Analyzing the data further, most of the constituents are between the ages of 35-45. Nearly 2/3 of the constituents have made a gift in the past and are identified as a donor. Some of the highest total giving at the institution are from those in the ages of 35-45. The highest donors are female, with total giving over $1M. Male constituents with a wealth rating of 1 have previously made a gift to the institution, while the wealthiest female constituent has not made a donation.

At the time of this data collection, the institution has eighty percent of the donors that it does from last year, with 1,689 being new donors from last year. This churn is high and implicates that predicting returning donors could be difficult.

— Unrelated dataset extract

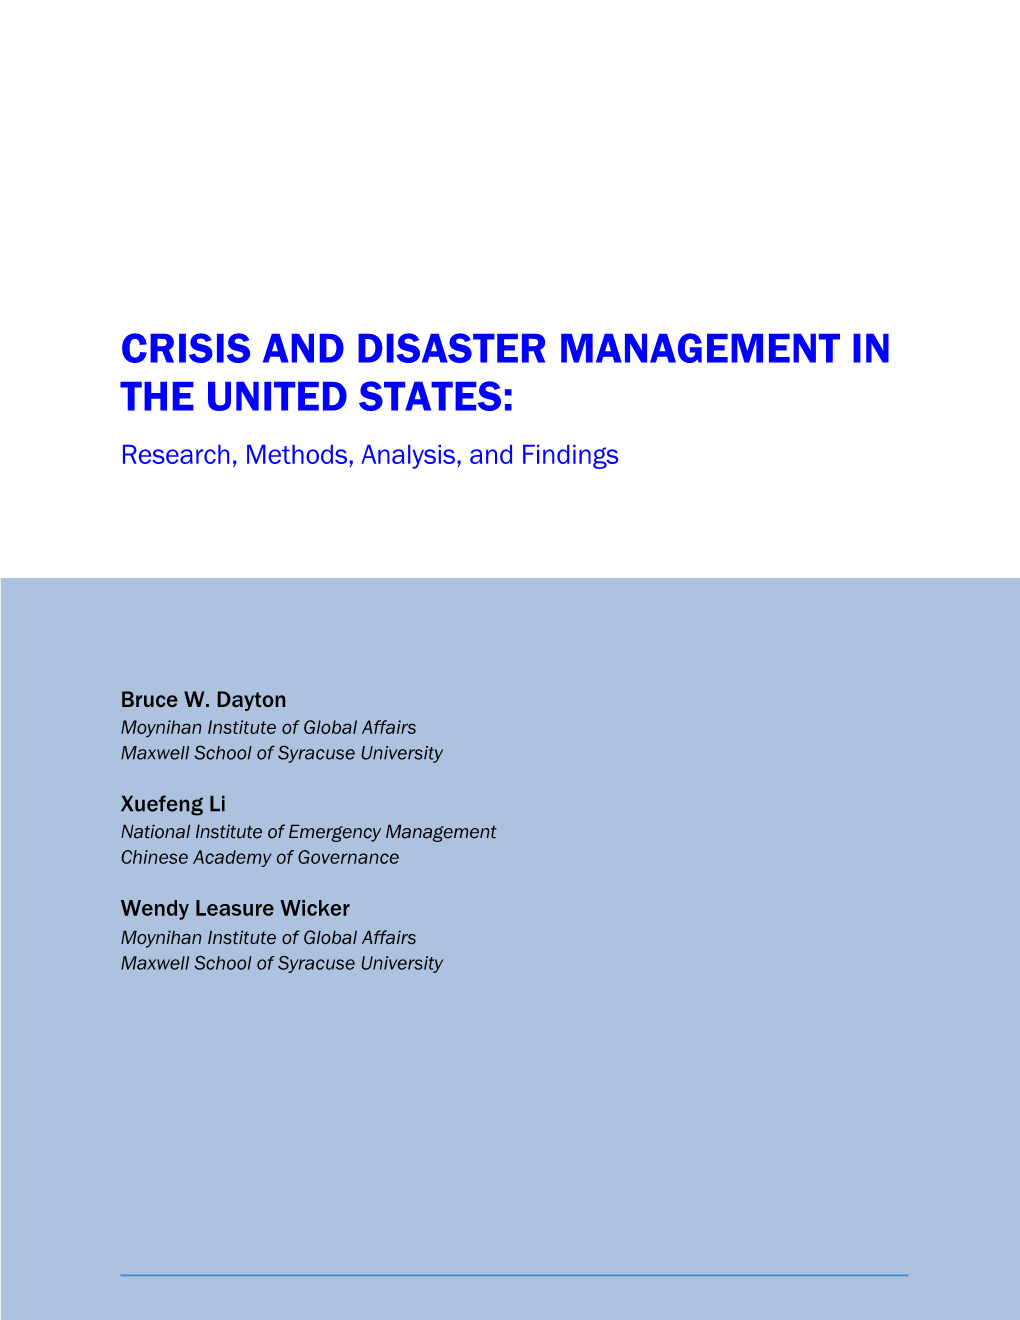 Crisis and Disaster Management in the United States: Research, Methods, Analysis, and Findings

There is an opportunity to rate donors who have already given to the institution by identifying those with high giving and no wealth rating. This will help inform the strategic plan to cultivate these donors further.

### Predicting donors 

Predicting current year donors with the available features was a difficult task, given the imbalance of donors to non-donors.

While most models were overall accurate at 94%+ on average, they all failed to appropriately identified donors by mostly classifying everyone as a non-donor. This proved even more difficult when testing generalization on the test dataset.

Sacrificing overall accuracy, a logistic regression with a lower probability could identify more true donors but misclassifying non-donors as donors. An overall cutoff and cost benefit analysis could help determine if this model would be helpful in outreach such as mailings, event invitations, calls, or visits from fundraisers.

### Limitations

Given the poor performance of the models to predict donors, more data and information, especially around past giving could be helpful as the giving features were the highest correlated variables. The challenge with this classification task will continue to be the imbalance of the dataset. With a larger dataset, the model could also have a better opportunity to learn  patterns that increase performance to correctly classify donors.